I create my own NFT's on AtomicHub and when I create a new one I send it out to my followers on Noise.Cash for free but I still have to mint each one which is a transaction. Shameless plug here.
I sparingly play Koloboks.
I sparingly collect from R-Planet (like once a week)
I sparingly collect from Green Rabbit (like once a day)
So yeah I do my fair share of transactions on the WAX blockchain. That being said though I have usually been able to keep my head above the CPU threshold just fine. I have 100.138 WAX staked to my CPU alone and it has served me fine so far. I have added 10 WAX here or there to keep it bumped up but I don't know if I can in good conscious keep that going.

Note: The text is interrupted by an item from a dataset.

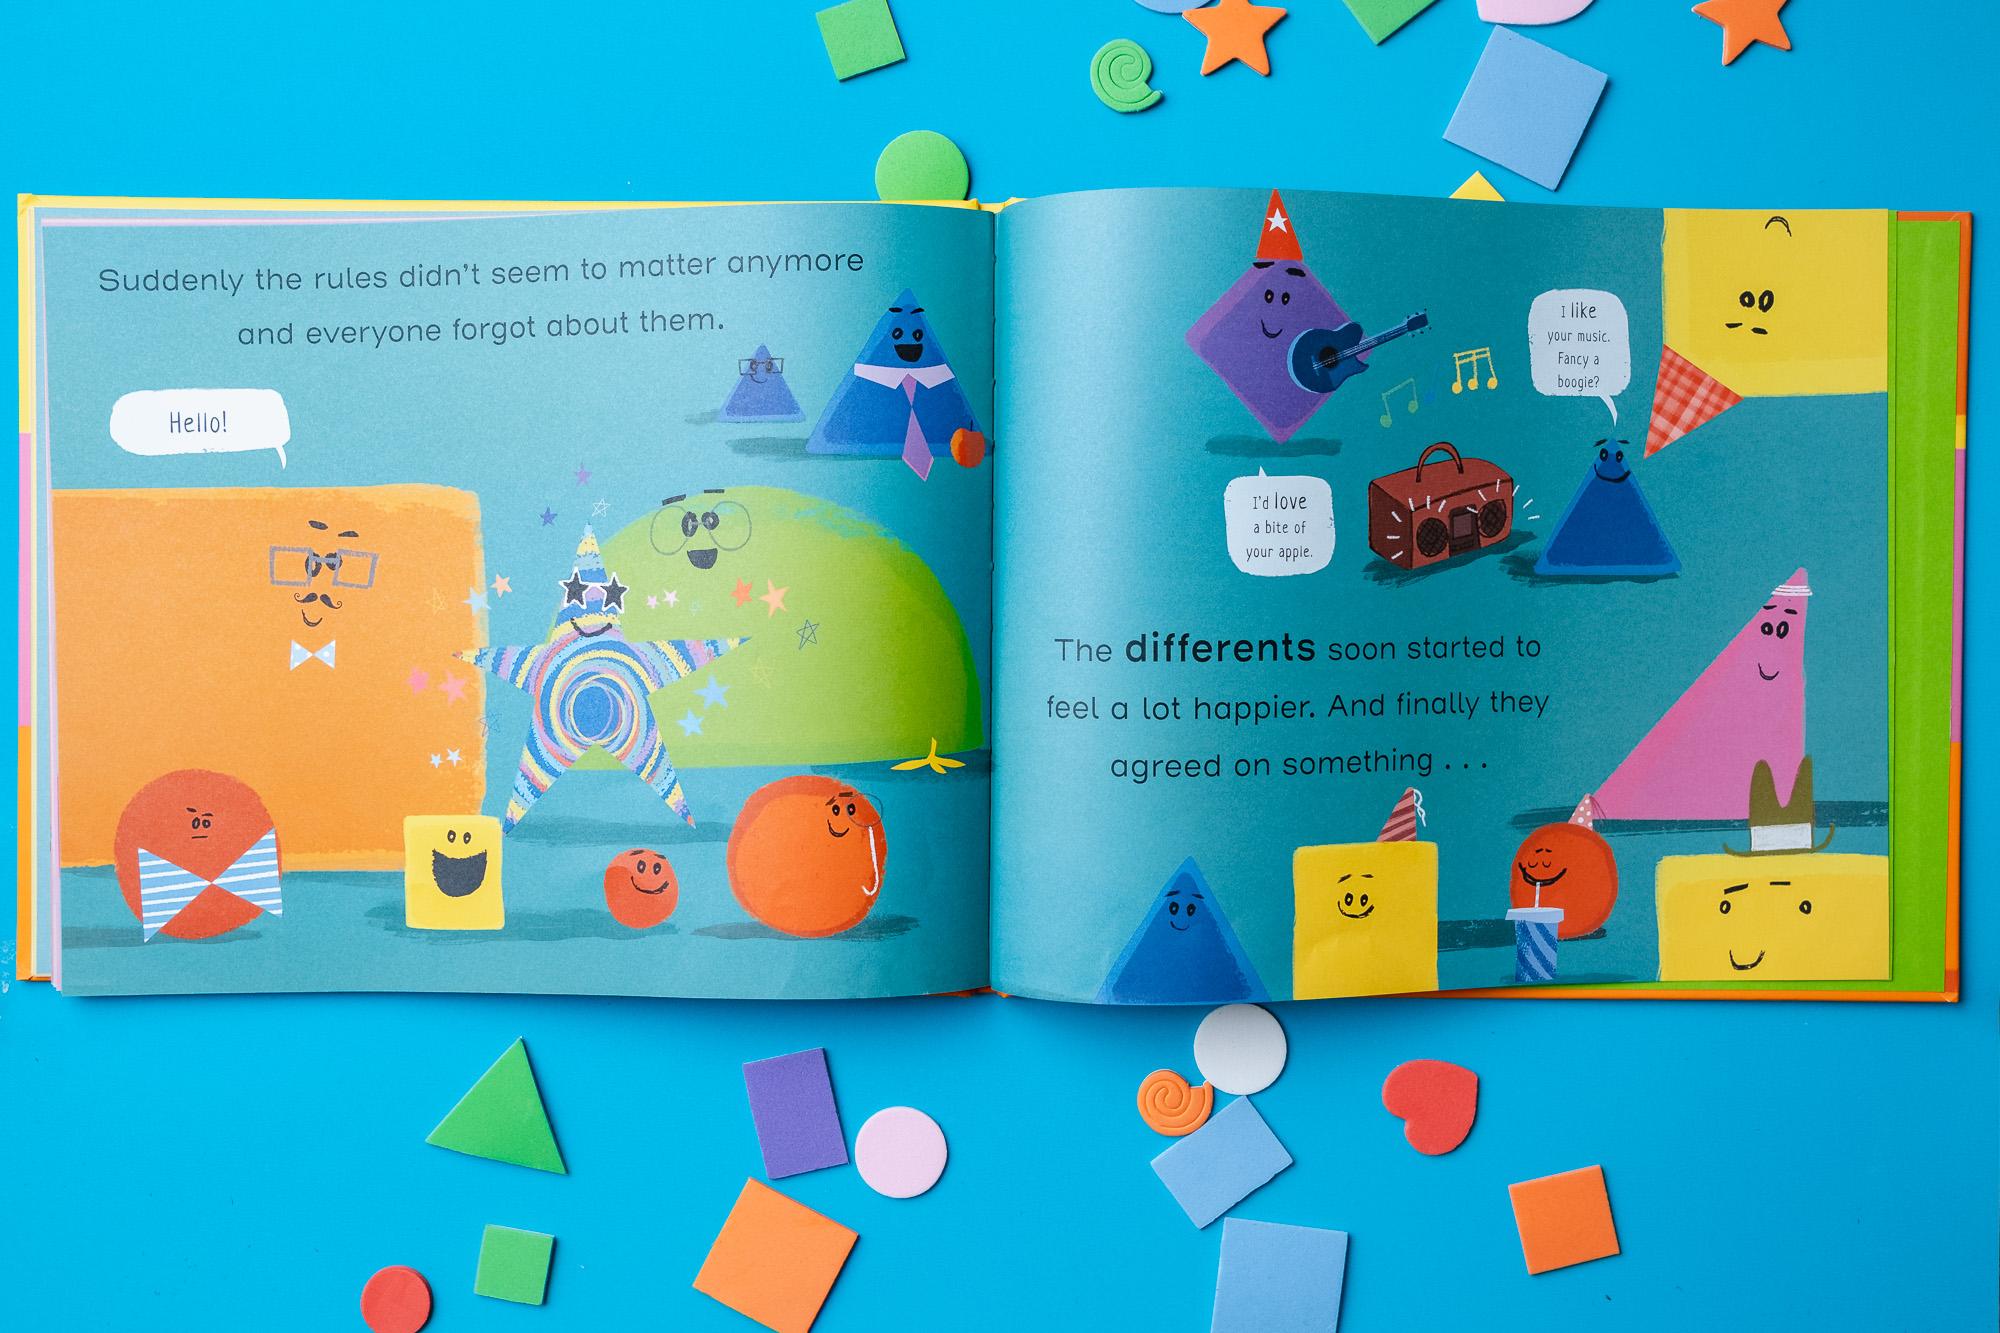 Rainbow_book_projecy-3.jpg

What I know about WAX and CPU is that you stake your WAX to CPU to get a bucket of milliseconds to use towards your transactions. Each transaction you perform on WAX costs some amount of milliseconds. Transactions that take longer to process require more milliseconds. You CPU regenerates itself after 72 hours. So in theory you could play, play, play until you hit your limit and wait 72 hours from your last transaction and you should be back to 0 milliseconds used out of your bucket.
Simple enough right?
Well then why do we experience the CPU error all the time. Well at first I chalked it up to maybe 70 hours ago I did a lot of transactions in a short amount of time and now that I am doing enough I didn't wait long enough for my bucket to come down some. And honestly that is what I thought for a long time. But then we all started to notice things. Like one minute we would be at 80% of our CPU bucket used and 5 minutes later without performing any transactions we were at 140% of our CPU bucket used. It didn't make sense and I couldn't rationalize it. That bring us to this week. Where I had enough. I wanted to know why this was happening and what we can do to fix it. I mean if NFT's are the future and AtomicHub is WAX then for the average user and people not tech savvy there has to be a better answer then just "You need to stake more WAX to be able to do anything". Because if someone is starting out on Alien Worlds they might hit their CPU limit before they had a chance to earn enough WAX to start.

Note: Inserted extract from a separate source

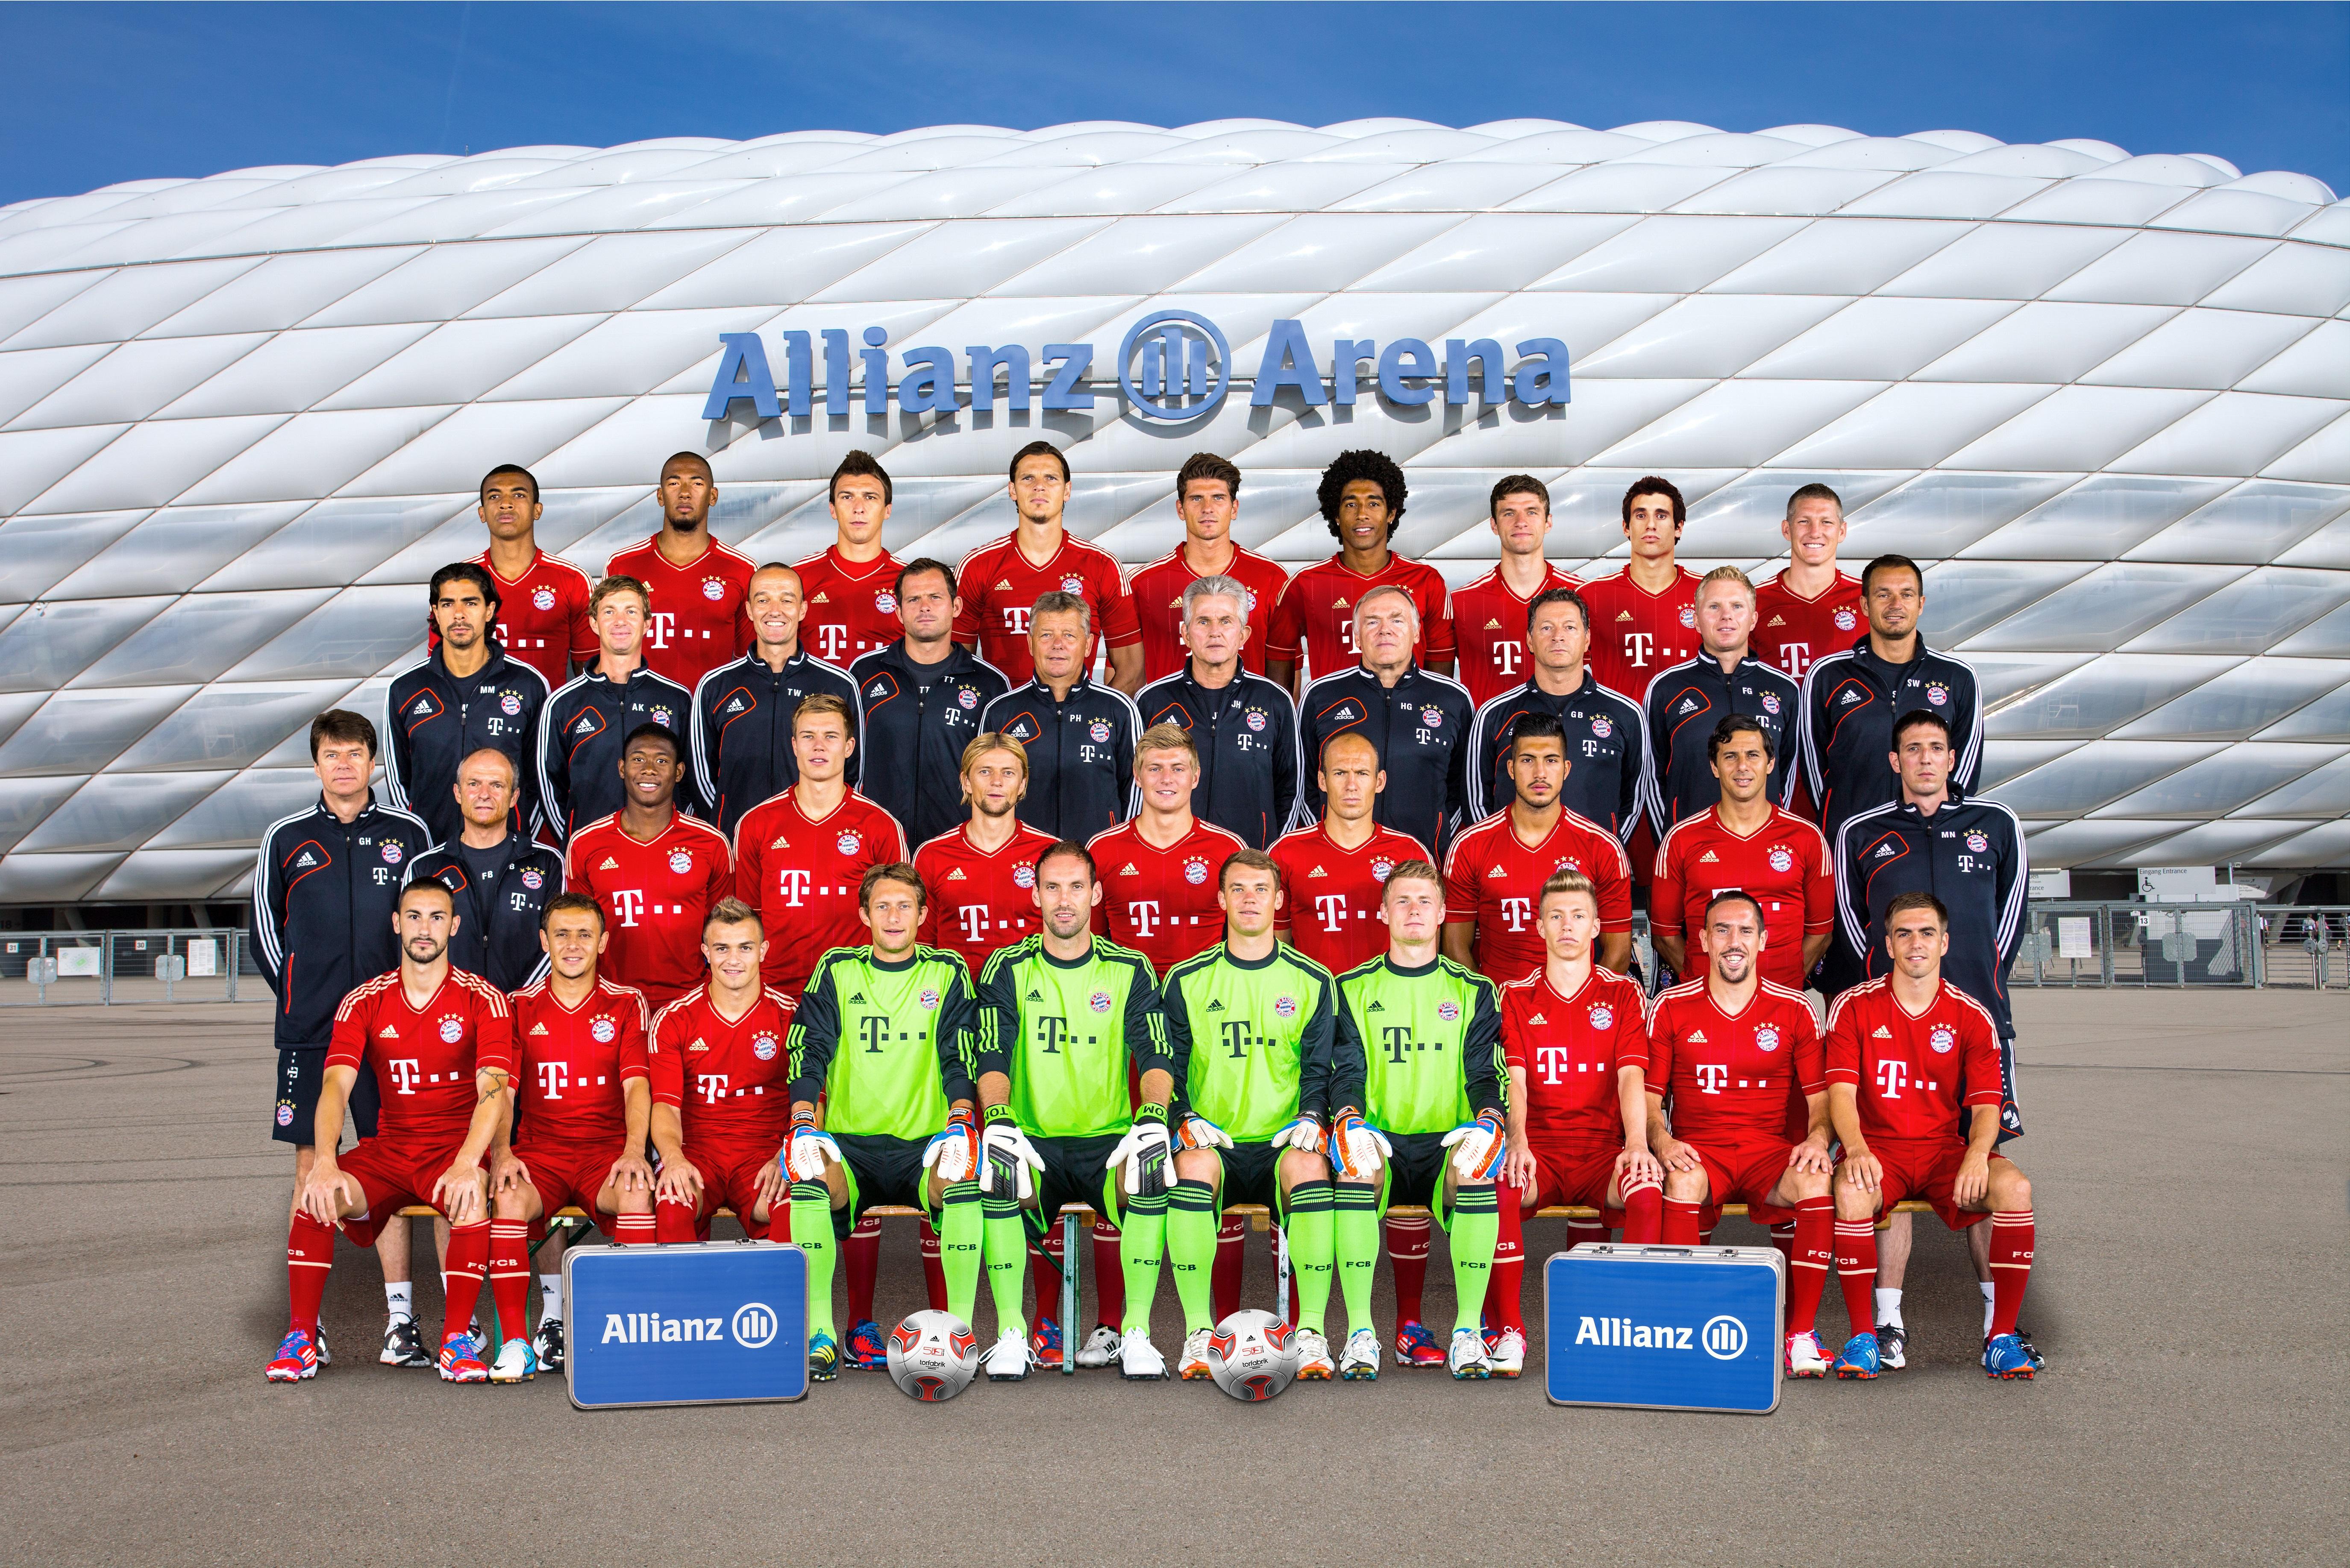 Bayern Munchen Hd Desktop

Everyone should know this basic business practice. If your customers can't use your service they, well, won't use your service at all them. If new players are unable to play the game then you won't get any new players. I am using Alien Worlds as a reference but in no way is this Alien Worlds fault. This is a problem with the WAX blockchain itself.
I started a little a little experiment. I wanted to track my CPU over a period of time without performing any transactions.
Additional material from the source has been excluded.